While Corvid’s customers began with and still include the Missile Defense Agency and General Motors Racing, we have expanded our customer base significantly. Our sponsors now include Redstone Arsenal, the Army and Air Force Research Laboratories, the Naval Sea Systems Command, and the Mine Resistant Ambush Protected (MRAP) Vehicles Joint Program Office (JPO).

Corvid also continues collaborative programs with Sandia and Lawrence Livermore National Laboratories, as well as Textron, Concurrent Technologies Corporation, Raytheon, Lockheed, Northrop Grumman, BAE Systems, and Oshkosh. Corvid also maintains research relationships with a number of small businesses around the country.

Historically, Corvid’s core competencies are high fidelity computational physics such as fluid dynamics, shock wave physics, and structural mechanics. These areas require expertise in material science, aeromechanics, high strain rate physics, and numerical methods. Corvid develops its own computational codes and has shown these to be accurate and predictive across a broad range of problem classes.

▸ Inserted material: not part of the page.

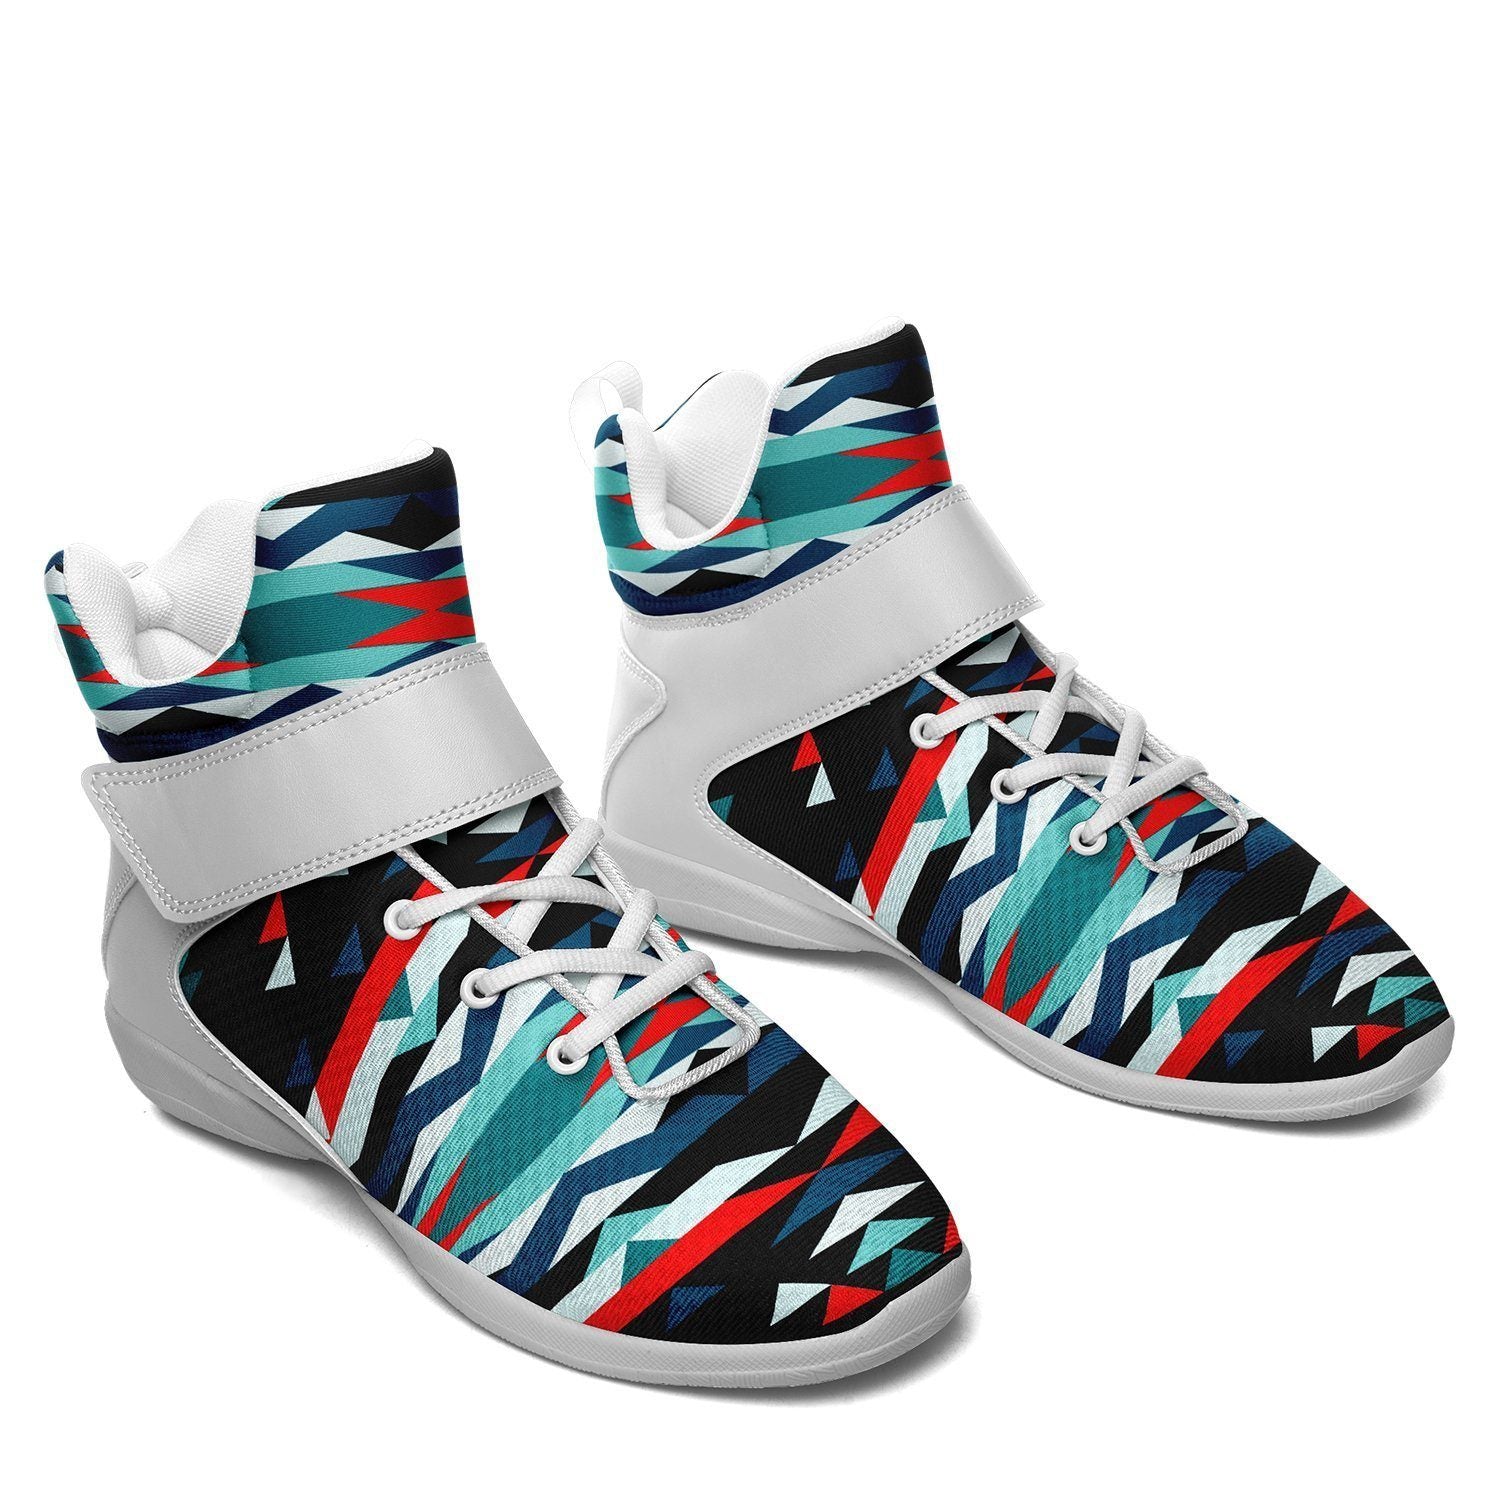 Visions of Peaceful Nights Ipottaa Basketball / Sport High Top Shoes - White Sole 49 Dzine

To provide solutions to our customers we maintain a 4000 cpu massively parallel supercomputer system which allows us to conduct thousands of large scale computations yearly. As such, our methodology is not only predictive, but productive: it is routinely used for parametric studies within weapons design programs.

In 2011, Corvid Technologies received the Tibbetts Award for the design, analysis, construction and flawless operation of a large scale rocket motor slow cook off oven for PAC-3/MSE Insensitive Munition (IM) compliance testing. This highly successful program was driven through computational analysis and leveraged our prototype design and construction capabilities.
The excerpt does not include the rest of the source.